___ Collected data

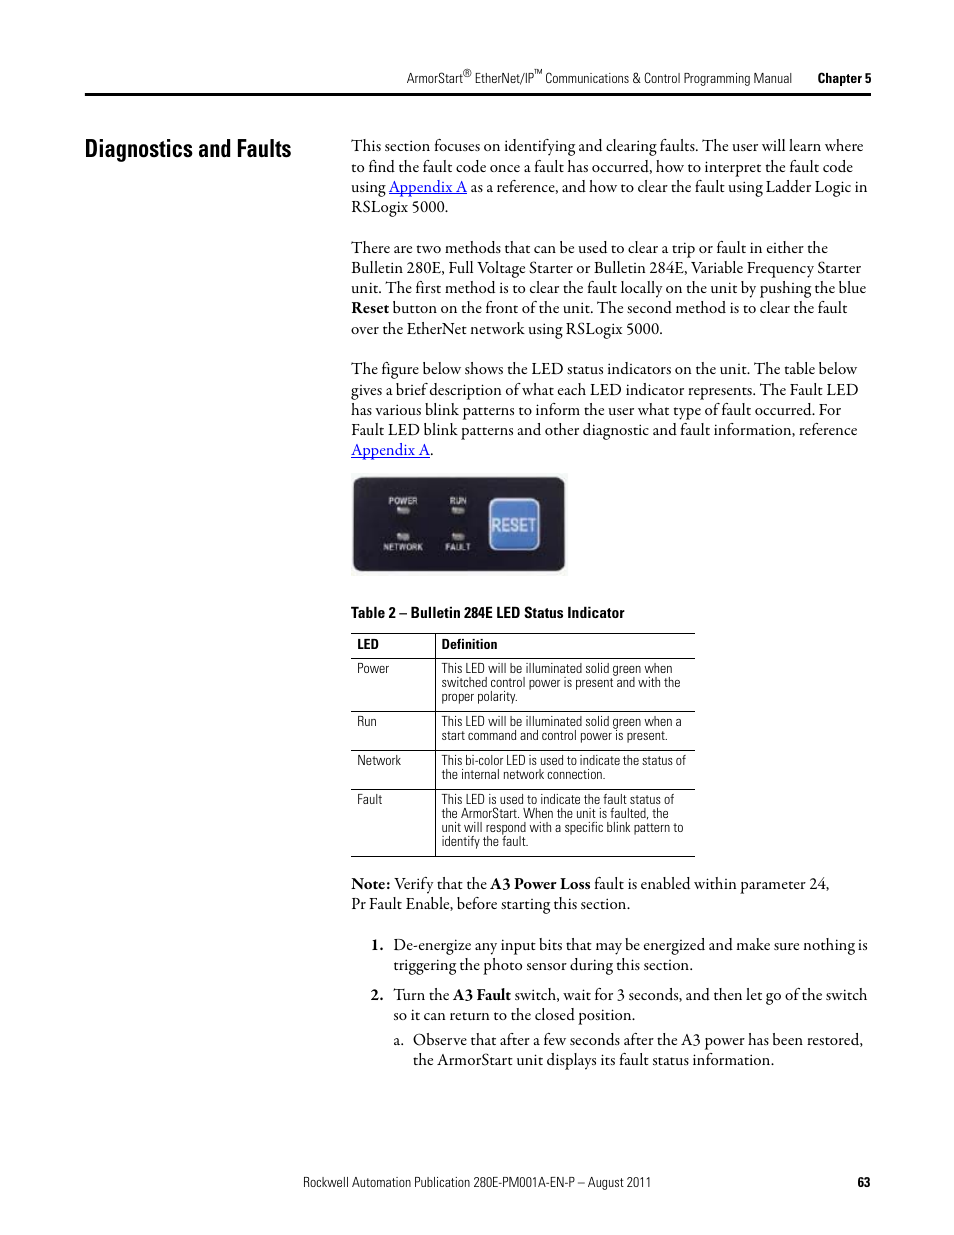 Diagnostics and faults   Rockwell Automation 284E ArmorStart
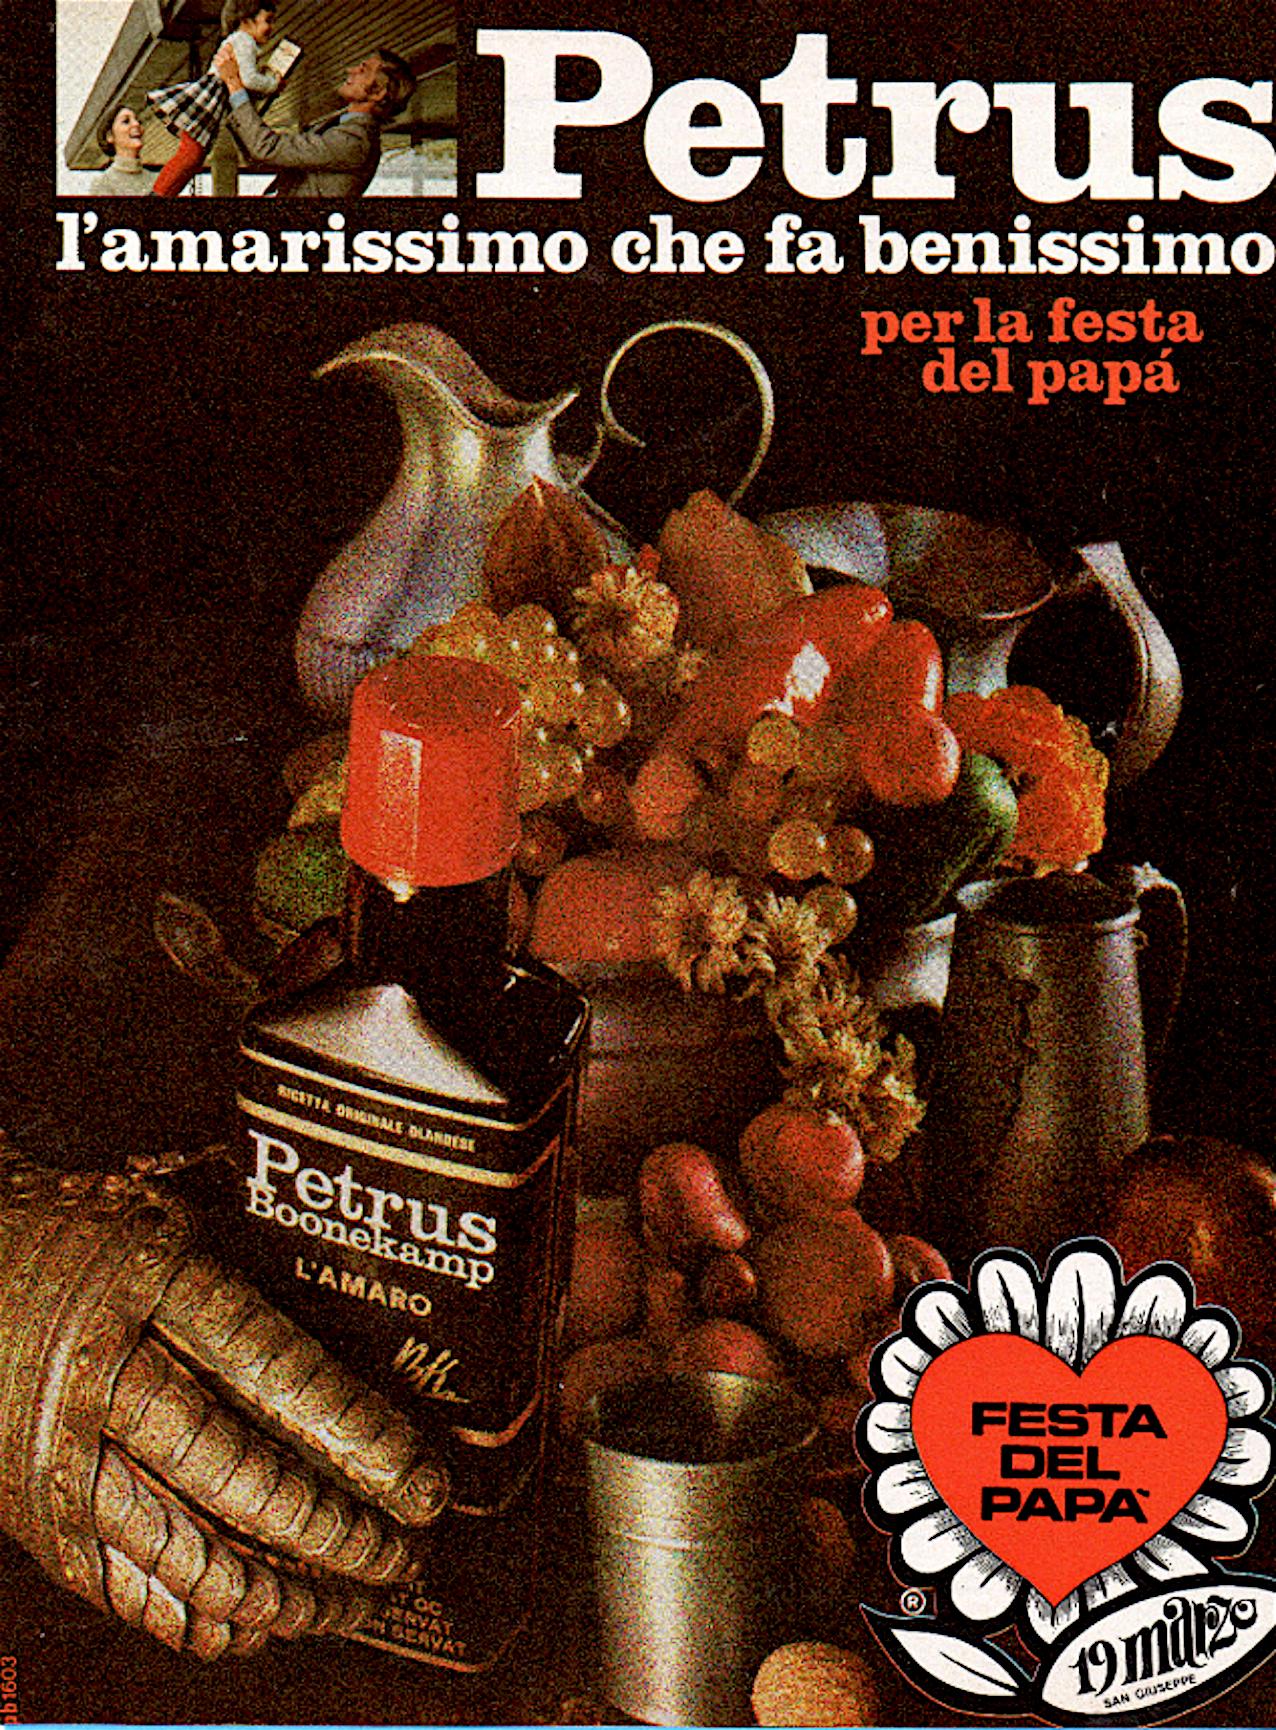 petrus_amarissimo_che_fa_benissimo_carosello
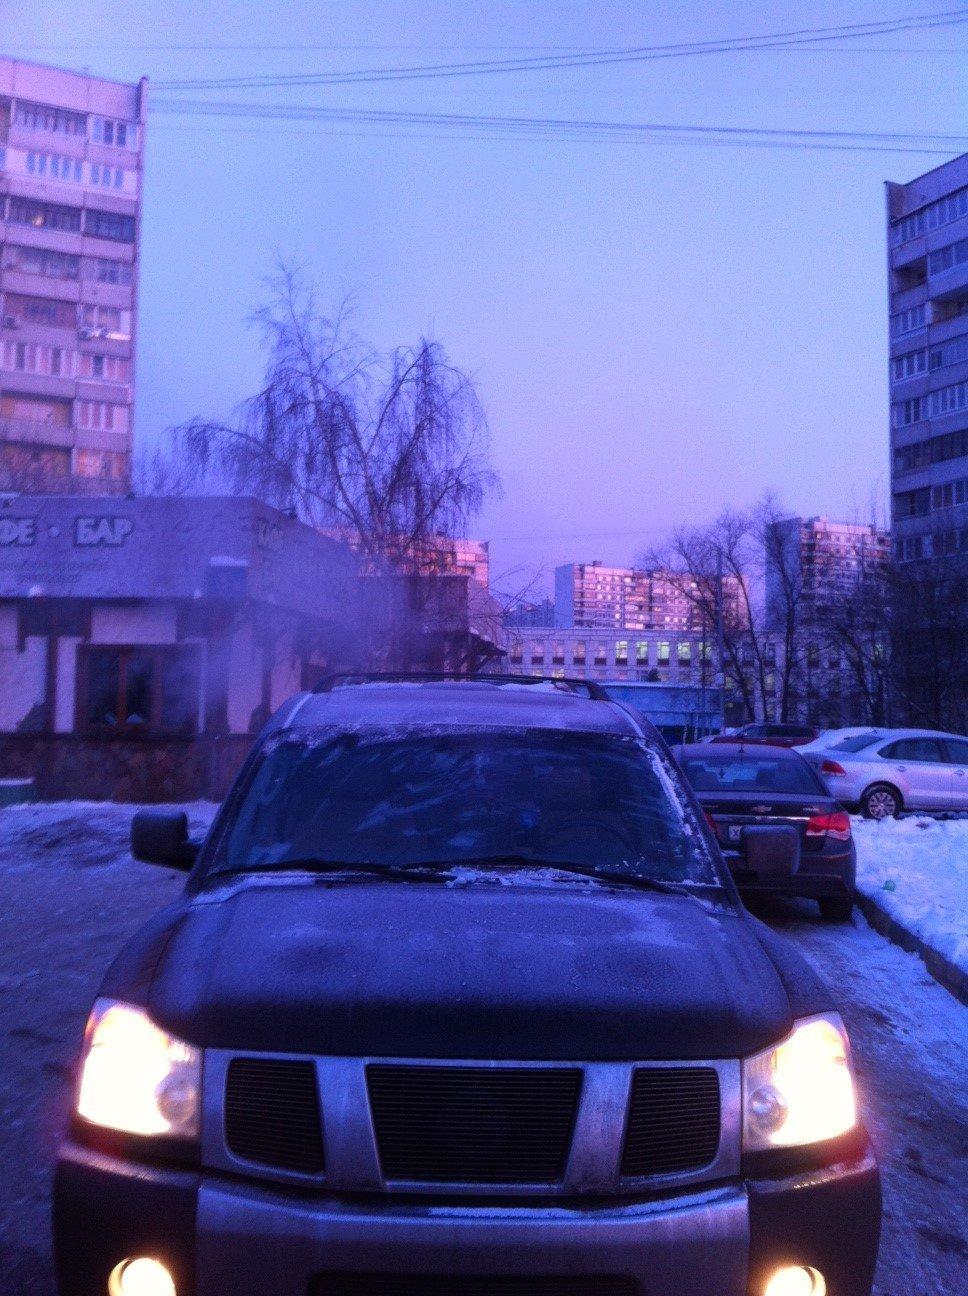 Прекрасное зимнее утро.

______

**What you are asked to do**
Leave the images out and give the rest of the data again exactly.

**Written response**
 Diagnostics and faults   Rockwell Automation 284E ArmorStart
 petrus_amarissimo_che_fa_benissimo_carosello
 Прекрасное зимнее утро.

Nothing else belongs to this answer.